Edward Bishop 1902-1997

Edward Bishop was a painter in oil and pastel; lithographer. He was born on the 11th November 1902 and studied at the Central School of Arts and Crafts 1920-1926. He exhibited at the Royal Academy and other leading London Galleries, including the Leicester Galleries, Roland Browse & Delbanco & the Grosvenor Gallery. He haunted the Cafe Royal and became a sensitive recorder of the changing London scene. Elected RBA in 1950 and NEAC in 1960. He lived in Hampstead.

-------------------------------------------------------
Edward Bishop: Obituary The Times Newspaper 16th June 1997

Edward Bishop was a prolific painter who played a prominent role in the Bohemian British art world of the post-war years. He was chairman of the Chelsea Arts Club, president of the London Sketch Club, and the first keeper of the New English Art Club. During the war he had worked at the Ministry of Information designing propaganda material. Over the past five and a half decades more than 80 of his paintings have been exhibited at Royal Academy Summer Exhibitions.

Edward Bishop was the son of a Carpenter and the youngest of eight children. His mother was a dressmaker. He left elementary school at 14, in the middle of the First World War, to work with Stoll Theatres in the West End. There his outlook was transformed by hearing classical music for the first time and seeing the Diaghilev ballets, featuring Nijinsky.
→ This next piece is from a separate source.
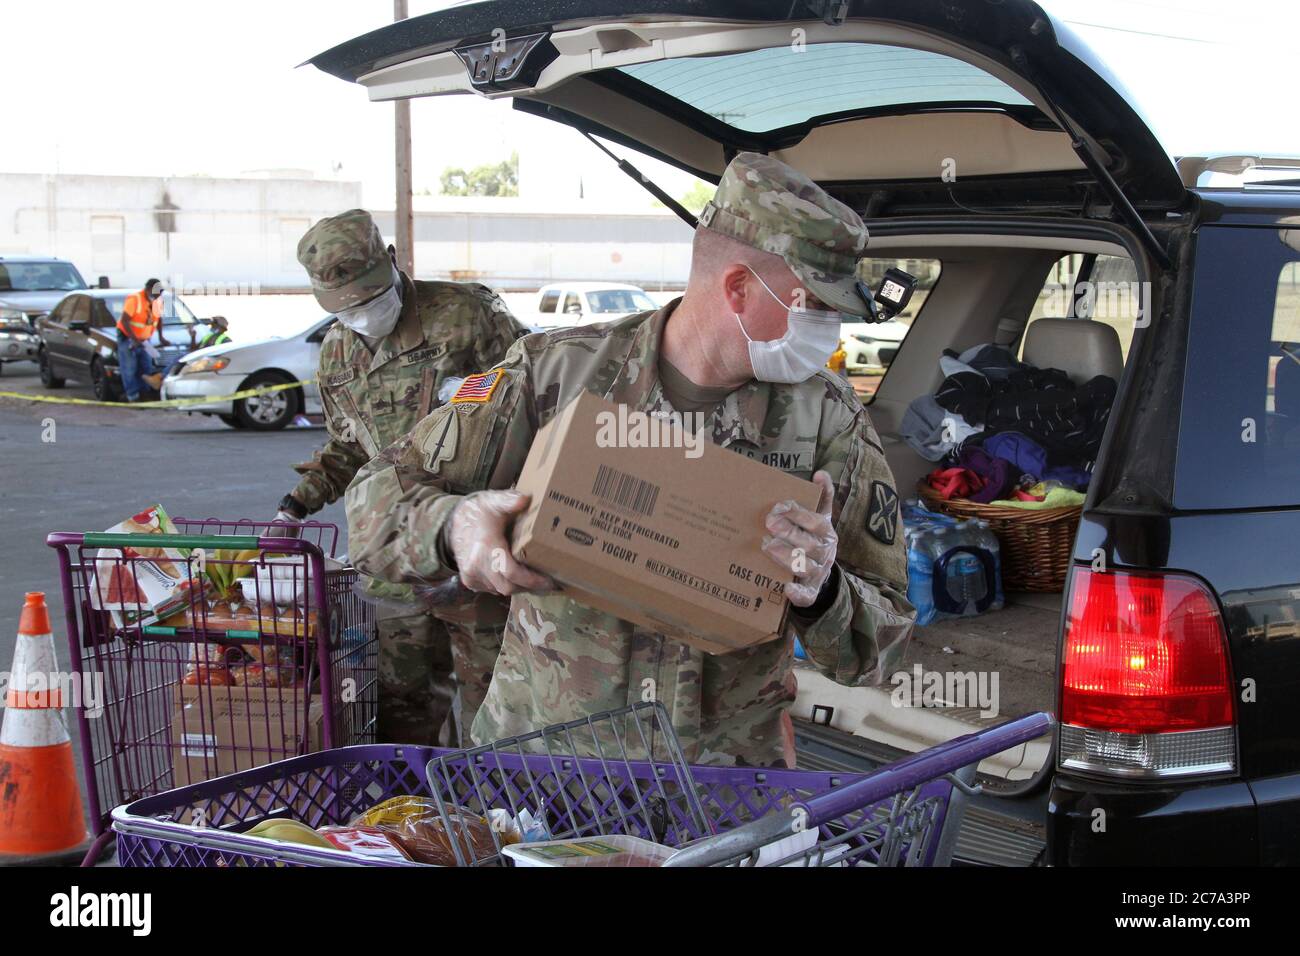 California National Guard soldiers load boxes of food for to assist families in response to COVID-19, coronavirus pandemic at the Stockton/San Joaquin Emergency Food Bank June 26, 2020 in Stockton, California. Stock Photo

As a result of this artistic awakening, he approached the Central School of Arts and Crafts and asked to be taught to draw. A year later he won a scholarship to the life class, and he was soon designing posters for Stoll Theatres. Meanwhile, at the Central, he was training under Bernard Meninsky, F.W. Jackson and Noel Rooke.

In 1929 Bishop entered and won one of the first open competitions for an advertising campaign, for Unilever, and was asked to the advertising agency Lintas, which had the Unilever account. He remained there until 1936, when he moved to the S.H. Benson agency, where he worked on campaigns for clients such as Kodak and Austin cars.
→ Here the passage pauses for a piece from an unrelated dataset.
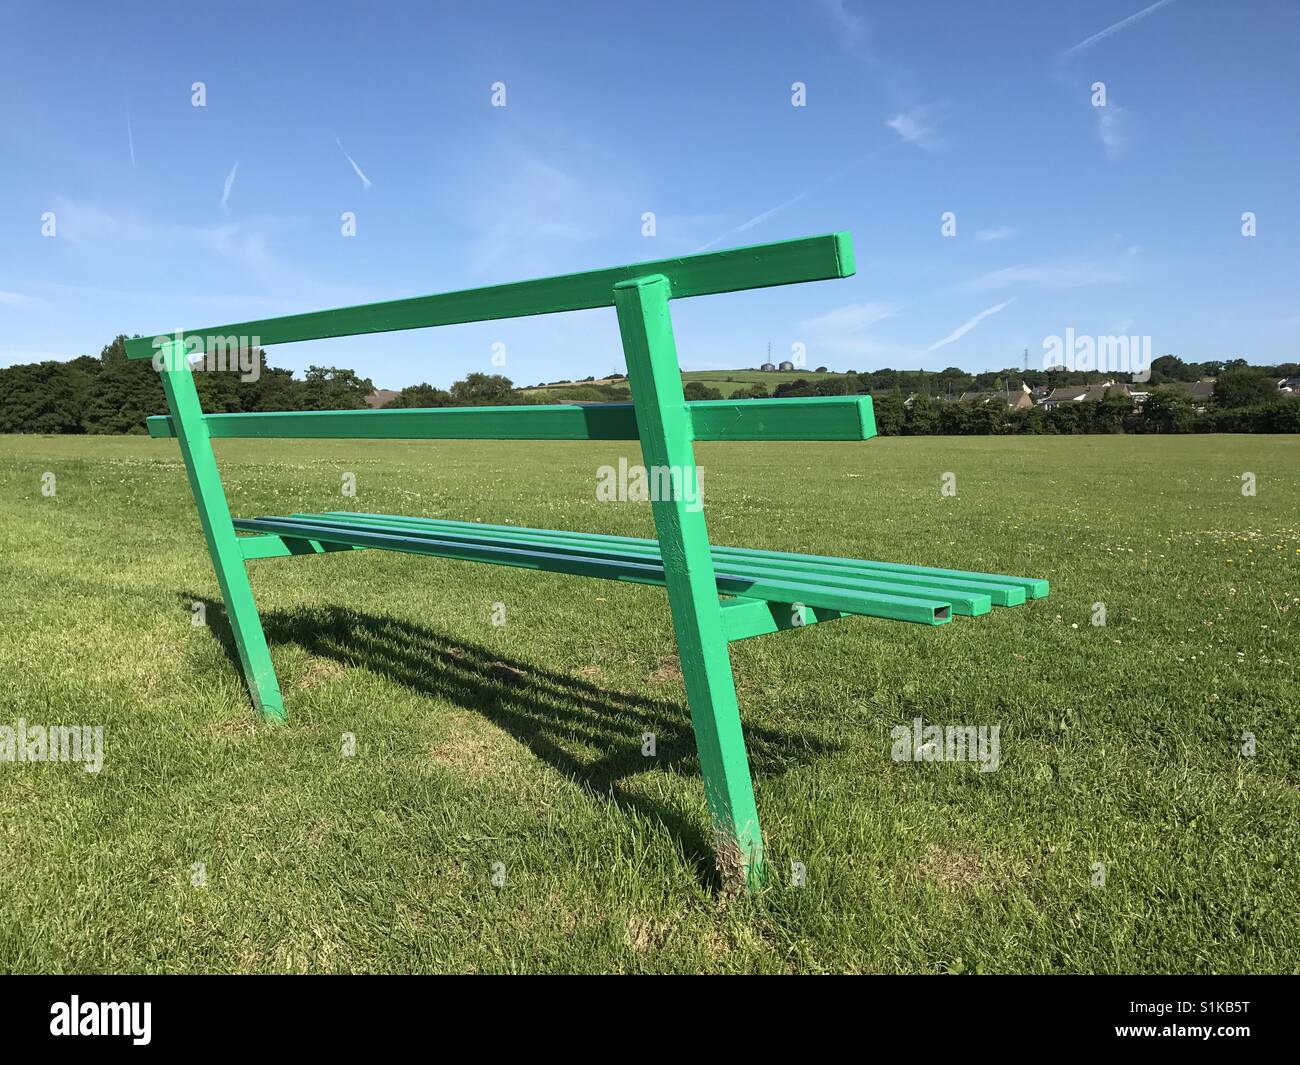 Empty green bench in a public park with a cricket pitch (landscape format) Stock Photo

It was during these years that he became a keen photographer, winning a number of important competitions and rarely being seen without his favourite Leica camera. He also became a proficient woodcutter.

Having suffered from rheumatic fever as a child, he was unfit for active service in the war, but in 1941 he joined the Ministry of Information, where he was involved in designing propaganda. During one night of the Blitz he lost his mother, his sister and one of his brothers. His flat in Fetter Lane was also destroyed, along with all of his completed paintings.

Bishop had shown his first picture at the Royal Academy Summer Exhibition in 1941. But it was during the 1950's - a vibrant time for British art - that he really became active as an artist. He was elected to the Royal Society of British Artists and made president of the London Sketch Club..

A series of his paintings captured the atmosphere in the famous Studio Club in Swallow Street, Piccadilly. His other canvases from this period included night scenes of London, many paintings of the Thames, and works on the theme of loneliness, whether in the city or in a desolate farmhouse - a subject to which he frequently returned in the course of his career.

In the late 1950's he designed a number of covers for The Listener. In 1958 he helped to organise the art auction for the Treason Defence Fund, which had been established to help the accused, including Nelson Mandela, in the South African treason trials.

In 1960 he was made a member of the New English Art Club; he was later appointed its first keeper, a post he held until 1990. He also served as chairman of the Chelsea Arts Club in 1965 and 1966, in which capacity he lobbied for the admission of women, and helped to arrange gala evenings in honour of distinguished women, including Dame Eva Turner, Joyce Grenfell and Elisabeth Frink.

He continued painting into his eighties, as well as encouraging other artists, and has a picture in the current Royal Academy Summer Exhibition. His wife, the naive painter Celeste Radloff, predeceased him. He is survived by one son.